The Peace Party is simply a cloak for the Free Trade Party. The same content, the same object, the same leaders. just as, at home, the Free Traders attacked the aristocracy in its material basis with the repeal of the Corn and Navigation Laws, [270] so now in their foreign policy, they are attacking it in its European connections and ramifications — by seeking to break the Holy Alliance [271]. The English Free Traders are radical bourgeois who wish to break radically with the aristocracy in order to rule without let or hindrance. What they overlook is the fact that they are thus, willy-nilly, bringing the people onto the stage and into power. Exploitation of the peoples, not by means of medieval warfare but solely by means of trade warfare — that’s your Peace Party. Cobden’s behaviour in the Hungarian affair had an immediately practical nexus. Russia is now seeking to negotiate a loan. Cobden, the representative of the industrial bourgeoisie, forbids this deal of the financial bourgeoisie’s, and in England the Bank is ruled by industry, whereas in France industry is ruled by the Bank.

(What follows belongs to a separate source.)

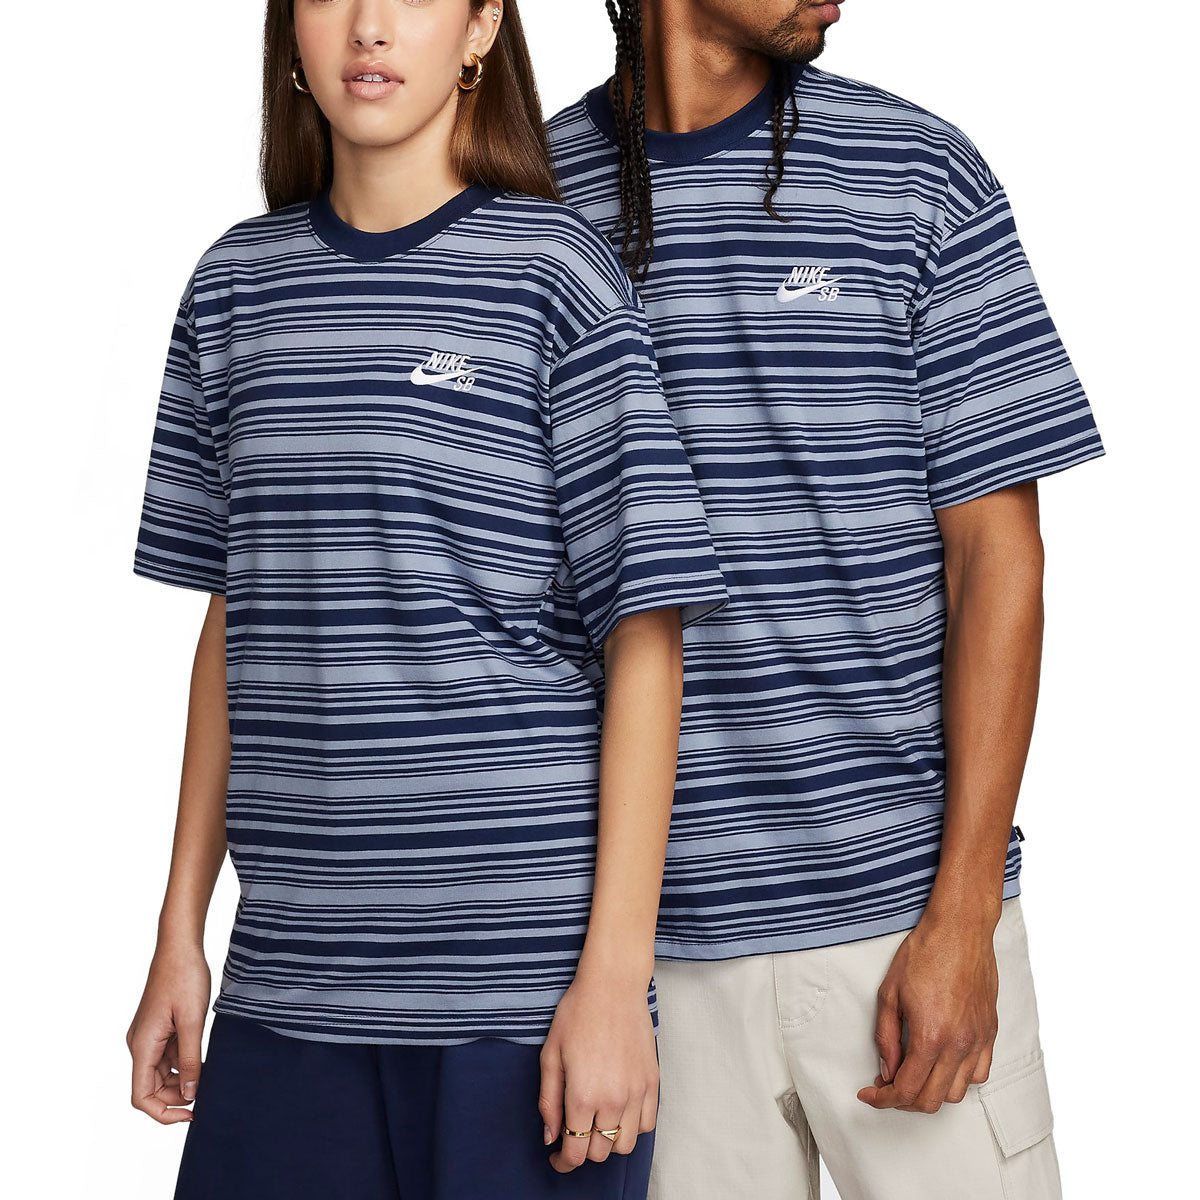 Nike SB Striped T-Shirt - Ashen Slate image 2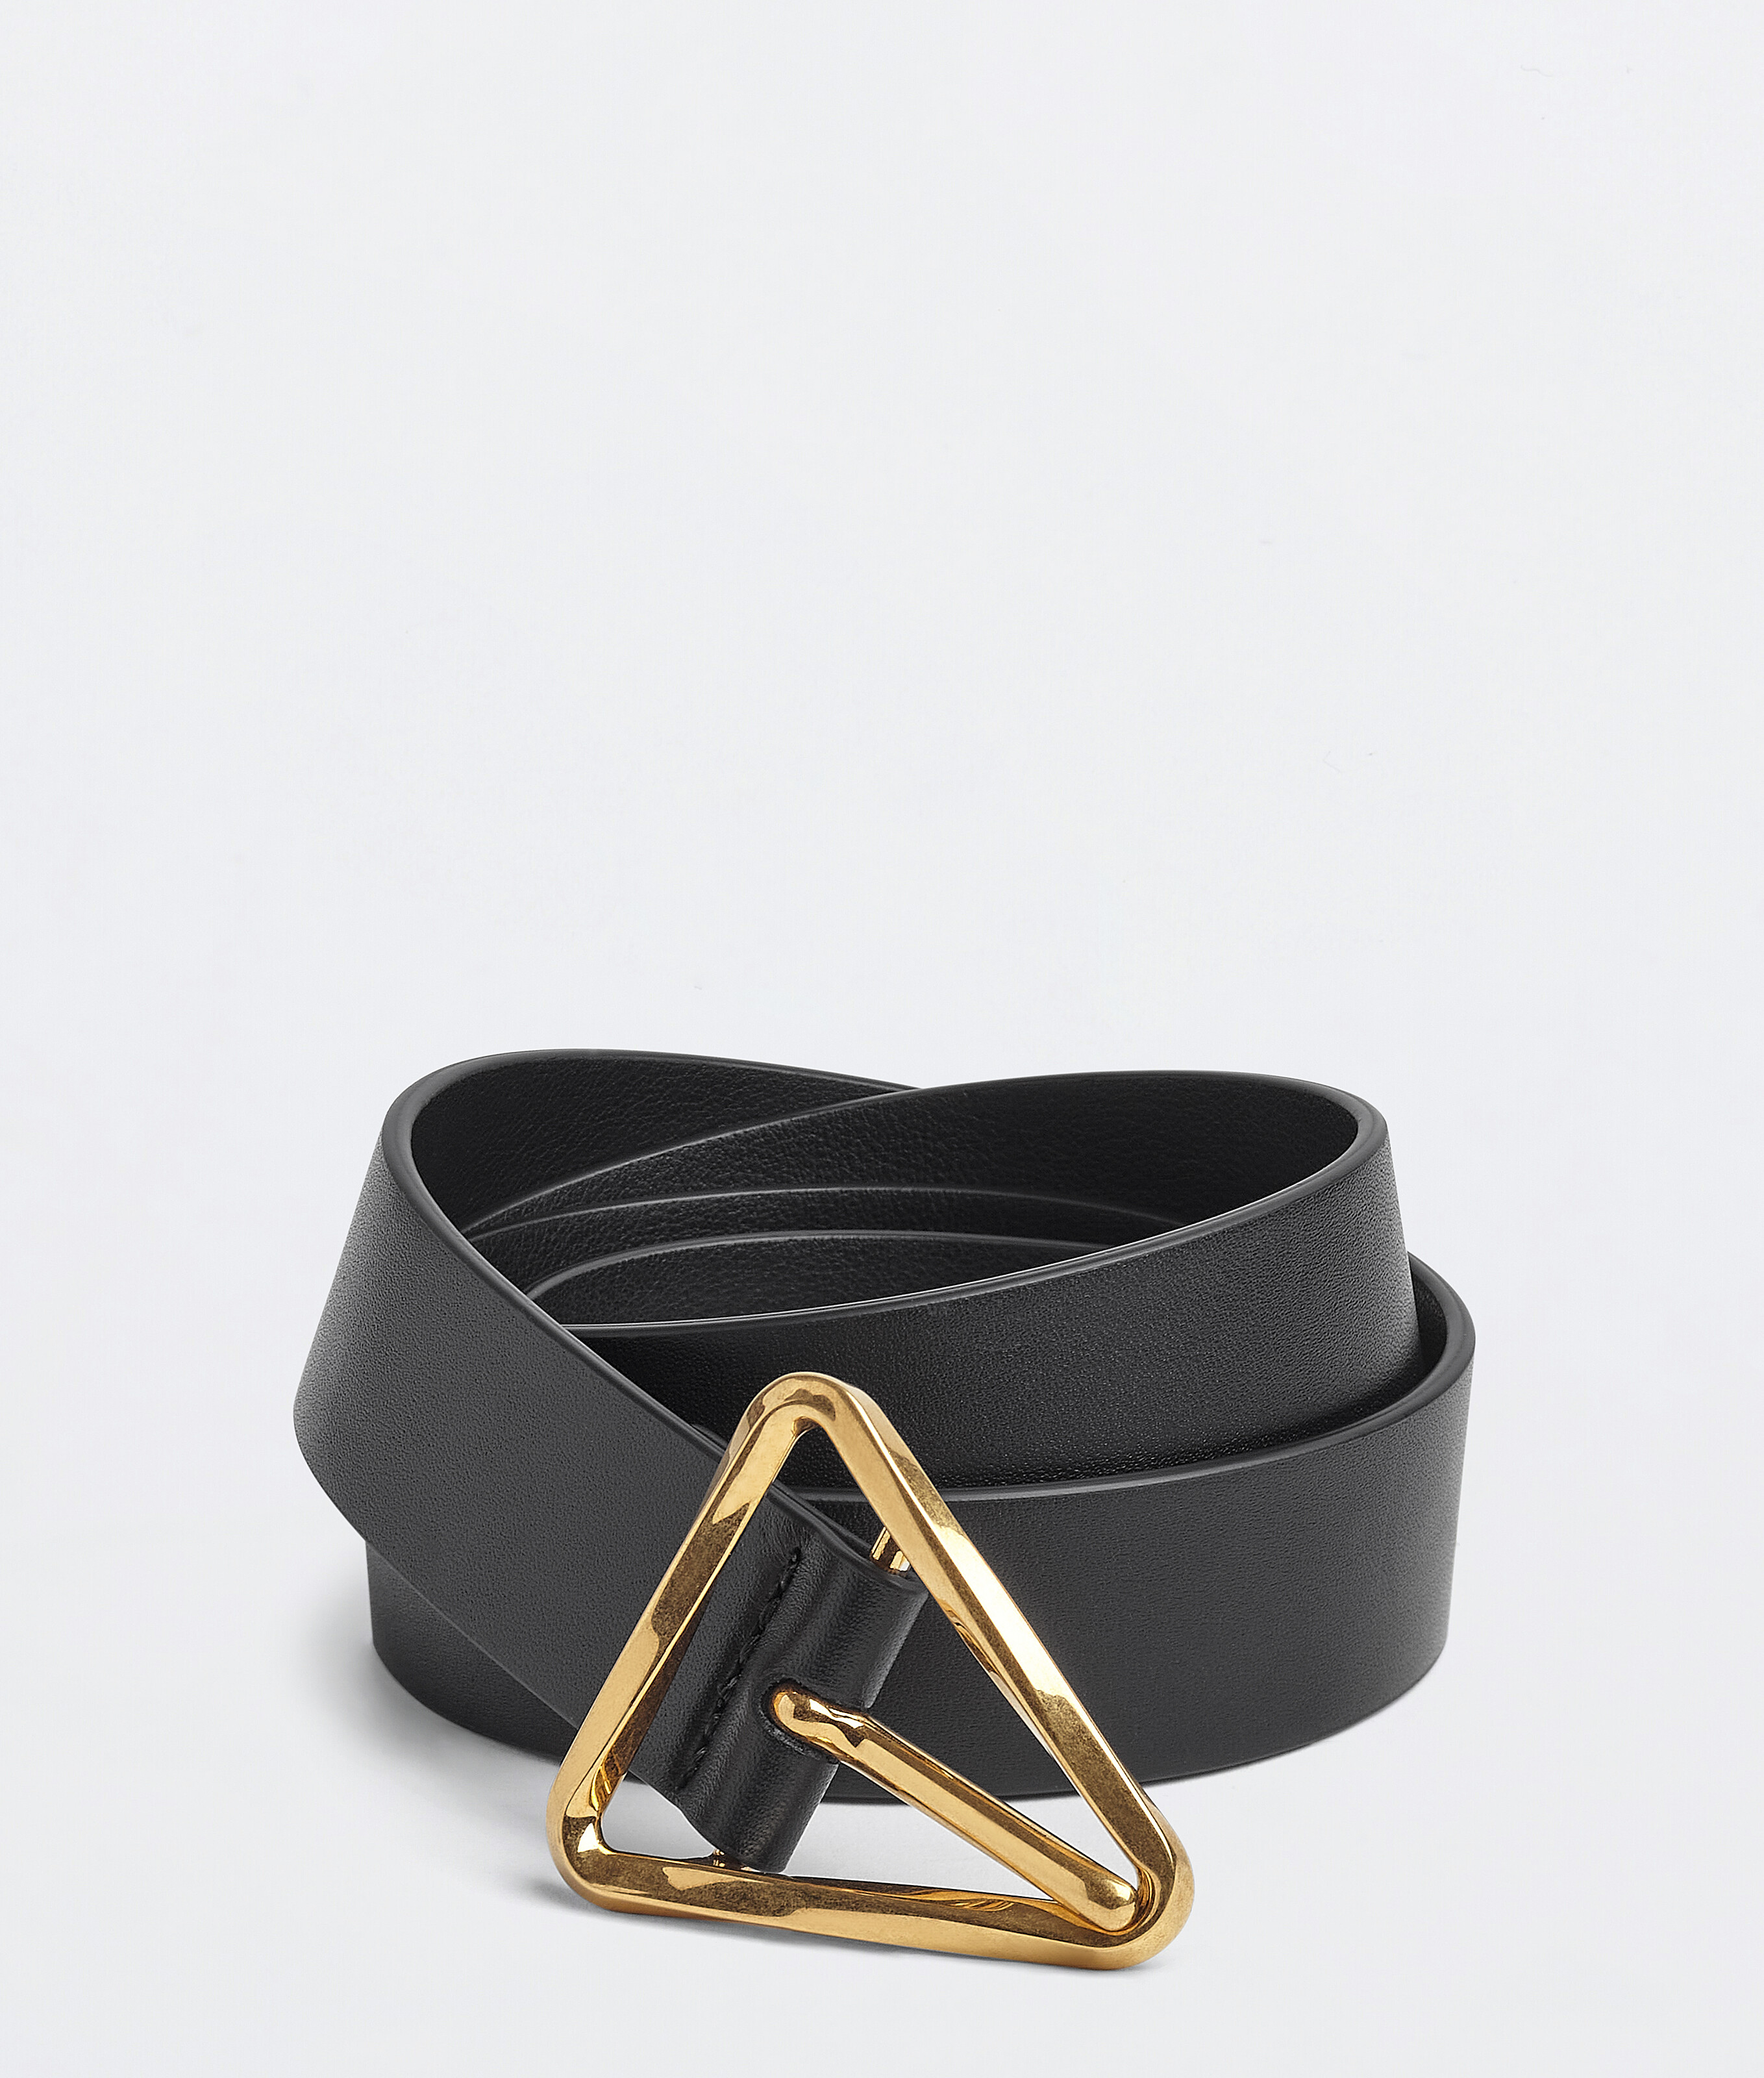 Black Womens Accessories Belts Bottega Veneta New Triangle Leather Belt in Black & Gold

Cobden’s attack on Russia has been more formidable than any of either Dembinski or Görgey. [Reference to Cobden’s speech at a meeting held on 23 July 1849 in support of Hungary, see The Times 24 July 1849 and The Northern Star, 28 July 1849] He revealed how pitiable was the condition of her finances. She is, he says, the most wretched nation. Each year the Siberian mines bring the State no more than £700,000: the duty on spirits brings it 10 times as much. True, the gold and silver reserve in the vaults of the Bank of Petersburg amounts to £14,000,000, but it serves as a metallic reserve for a paper circulation of £80,000,000. Hence, if the Tsar [Nicholas I] dips into the vaults of the Bank, he will depreciate the paper money, and thus bring about a revolution in Russia herself. Consequently, the proud English bourgeois exclaims, the absolutist colossus cannot stir unless we make him a loan, and this we shall not do. Once again we are waging, by purely bourgeois means, the bourgeoisie’s war against feudal absolutism. The golden calf is mightier than all the calves on the thrones in the world. Of course the English Free Trades also have a direct interest where Hungary is concerned. Instead of Austrian trade barriers, as hitherto, a trade agreement and some Sort of Free Trade with Hungary. The money, which they are now without doubt secretly remitting to the Hungarians, they will assuredly get back ‘with profit and interest’ in return by way of trade.

The English bourgeoisie’s attitude to continental despotism is a reversal of the campaign they conducted against the French from 1793 to 1815. The importance of this development cannot be overrated.

Kindest regards to you and your wife d from me and my wife.